Я люблю дни без солнца. Пасмурные, сумеречные, с тусклыми пятнами химер, плавающими в воздухе, словно это самые заурядные предметы типа тополиного пуха или паучьих паутин. В такие дни особенно приятно размышлять о разных уровнях бытия и глубоком одиночестве среди людей. Как раз о том, о чем и следует думать ведьме.
В такие дни воздух прозрачен, но всему придает оттенок океановой сини. Бархатное небо насыщено влагой и такое мягкое, что в него можно нырнуть, как в перину. Ненастное, оно клубится слоями пара, которые постоянно в движении – перемещаются, сталкиваются и растекаются. Случается порой, что наведываются мысли ко мне такие, не очень вдохновляющие, потому как заставляют жалеть себя, а я этого очень не люблю. И вот, этим утром я стояла в овраге, курила, просто смотрела на утренний город, на стаю ворон, заполнивших полнеба, и думала: почему я такая одинокая, какого черта я узница этого проклятого одиночества, что мне поможет, когда все станет лучше?

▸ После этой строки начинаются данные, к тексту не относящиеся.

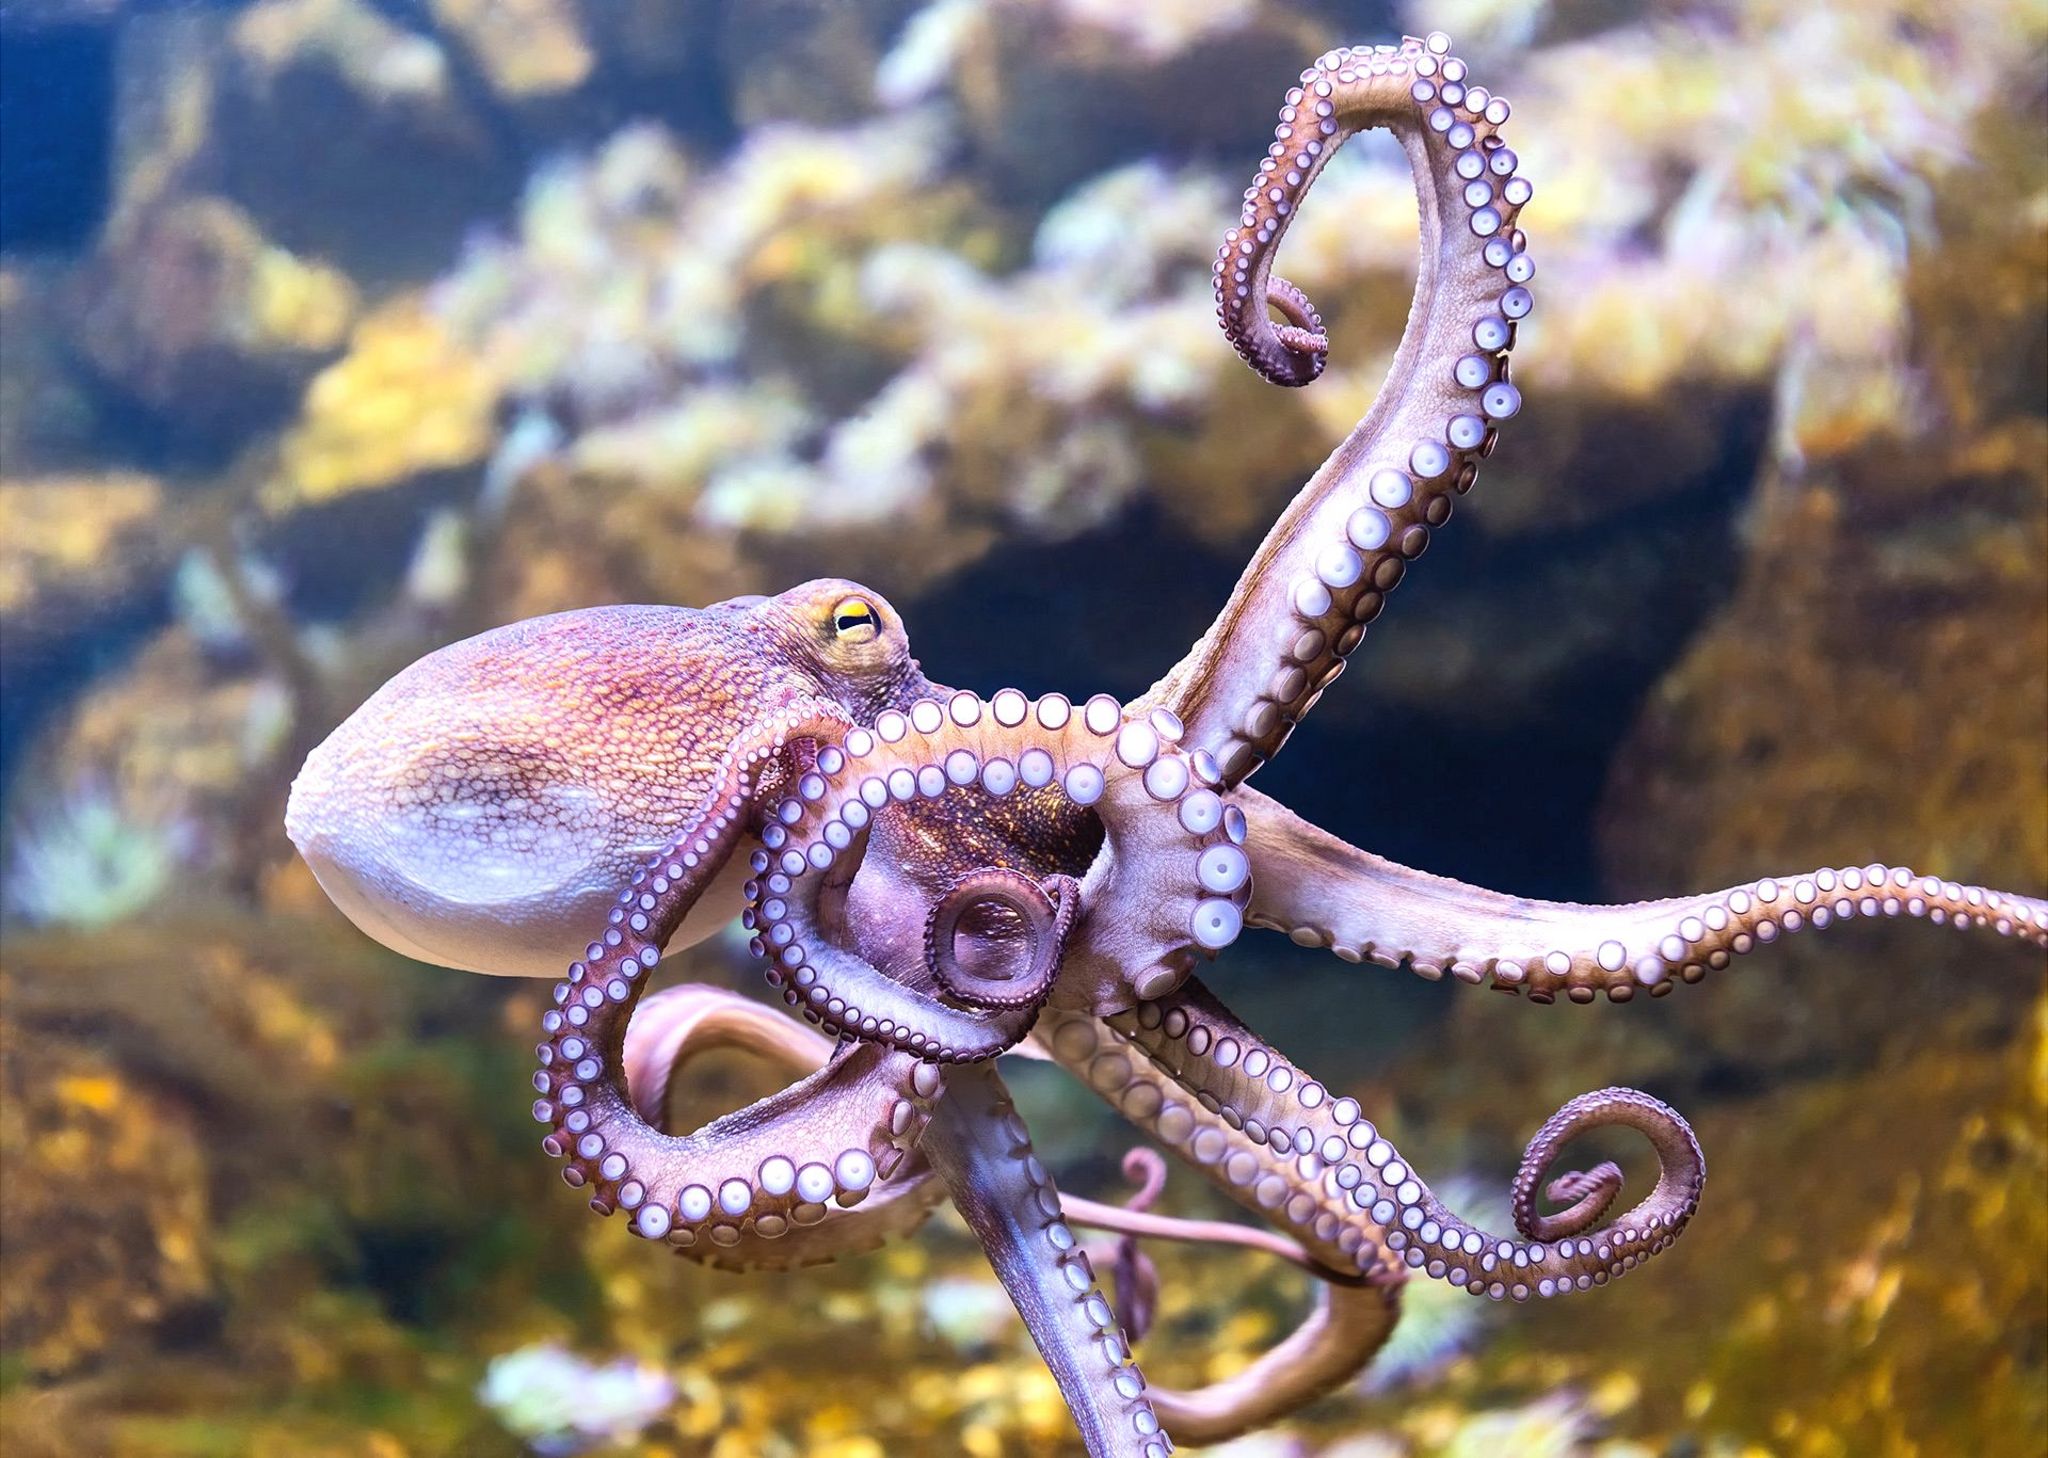 The world's first octopus farm - should it go ahead? - BBC News

Ситуация очень простая, стою я тихо в самой глубине оврага, и такое чувство непонятное в груди, будто я одна, будто я – последний человек на Земле, и что есть люди вокруг, но, что лишь на время становится легче, когда кто-то рядом, и что эти люди, миллионы людей, не заполнят моего одиночества. В конце концов, всякий раз, думая об этом, я обещала себе, что я привыкну, что какое-то время придется побыть такой – вольной и независимой, а в новом воплощении все будет по-другому.
Я не помню, сколько мне было лет, но я помню день, помню тот момент, когда я поняла, что я – иная. Я тогда шла по склону, заросшему клевером, ветер дул в разные стороны, он был холодный и теплый одновременно. Далеко внизу бежала собака. Я смотрела на ее передвижения и ясно осознала вдруг, что собака одинока, и что она думает, если бежать достаточно быстро, можно убежать от своего одиночества. И, казалось бы, простая ситуация: я иду в траве, где-то бежит собака, но так много мыслей сразу, и в душе все перевернулось.
- Иногда люди начинают кое-что понимать, - проговорил мой темный драйвер. Я сделала вид, что не расслышала его замечания. Да и в самом деле, лучше помалкивать. Кто знает, что на уме у этих бесов.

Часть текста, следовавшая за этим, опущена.